La MDPH de l'Hérault a été convoquée mais le bordereau d'accusé de réception a été retourné sans signature ni date et pas même le timbre humide de la MDPH.
Aussi, suivant arrêt avant dire droit du 8 juin 2022, la cour a ordonné la réouverture des débats afin de convoquer régulièrement la MDPH et a renvoyé la cause à l'audience du 6 octobre 2022.
La MDPH de l'Hérault a été régulièrement convoquée à cette dernière audience et le conseil de l'appelant a indiqué s'en remettre à sa déclaration d'appel contestant l'évaluation du taux d'incapacité entre 50 % et 79 % et soutenant que le requérant n'étant pas en capacité de travailler, il connaît bien une restriction substantielle à l'emploi.
MOTIFS DE LA DÉCISION
1/ Sur le taux d'incapacité
L'appelant conteste l'évaluation de son taux d'incapacité telle qu'effectuée par le premier juge, mais il n'introduit aucune discussion circonstanciée du rapport du Dr [E] [N] et ne produit aucune pièce de nature à contredire ses conclusions.
En conséquence, la cour retient, au vu du rapport d'expertise, avec le tribunal, une incapacité permanente comprise entre 50 % et 79 % et non le taux de 80 % sollicité par l'appelant.
2/ Sur la restriction substantielle et durable à l'emploi
Comme précédemment, l'appelant, qui se prévaut d'une restriction substantielle et durable à l'emploi, ne produit aucune pièce en ce sens se bornant à affirmer que la combinaison des trois affections dont il souffre l'empêche absolument de rechercher un emploi.

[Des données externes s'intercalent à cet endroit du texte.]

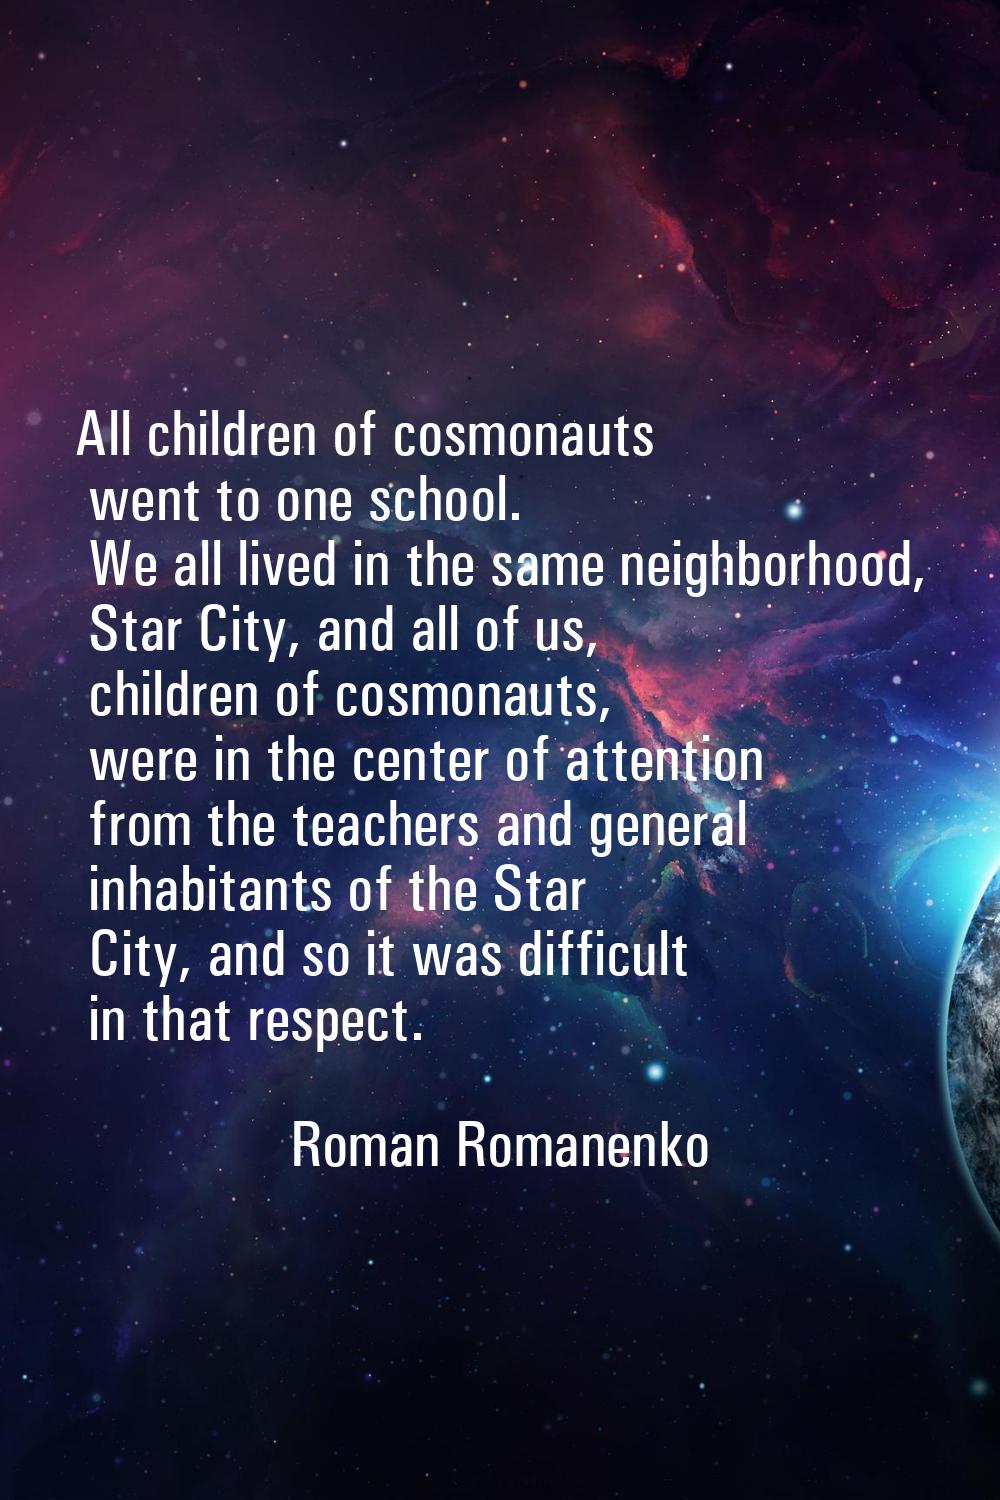 All children of cosmonauts went to one school. We all lived in the same neighborhood, Star City, an

Mais la cour retient, comme le Dr [E] [N] et le premier juge, que l'intéressé présente une valvulopathie mitrale opérée en 2017, un état dépressif causé par un conflit familial et des lombalgies, et qu'aucun élément produit au débat n'indique que la combinaison de ces trois affections restreint de manière substantielle et durable son accès à l'emploi.
En conséquence, la décision de la commission des droits et de l'autonomie des personnes handicapées de l'Hérault du 12 juin 2018 apparaît fondée et il convient de débouter l'appelant de sa demande d'attribution de l'allocation aux adultes handicapés.
3/ Sur les dépens
L'appelant supportera les dépens de première instance et d'appel.
PAR CES MOTIFS
LA COUR,
Confirme le jugement entrepris en toutes ses dispositions.
Déboute M. [Y] [O] de ses demandes.
Y ajoutant,
Condamne M. [Y] [O] aux dépens de première instance et d'appel.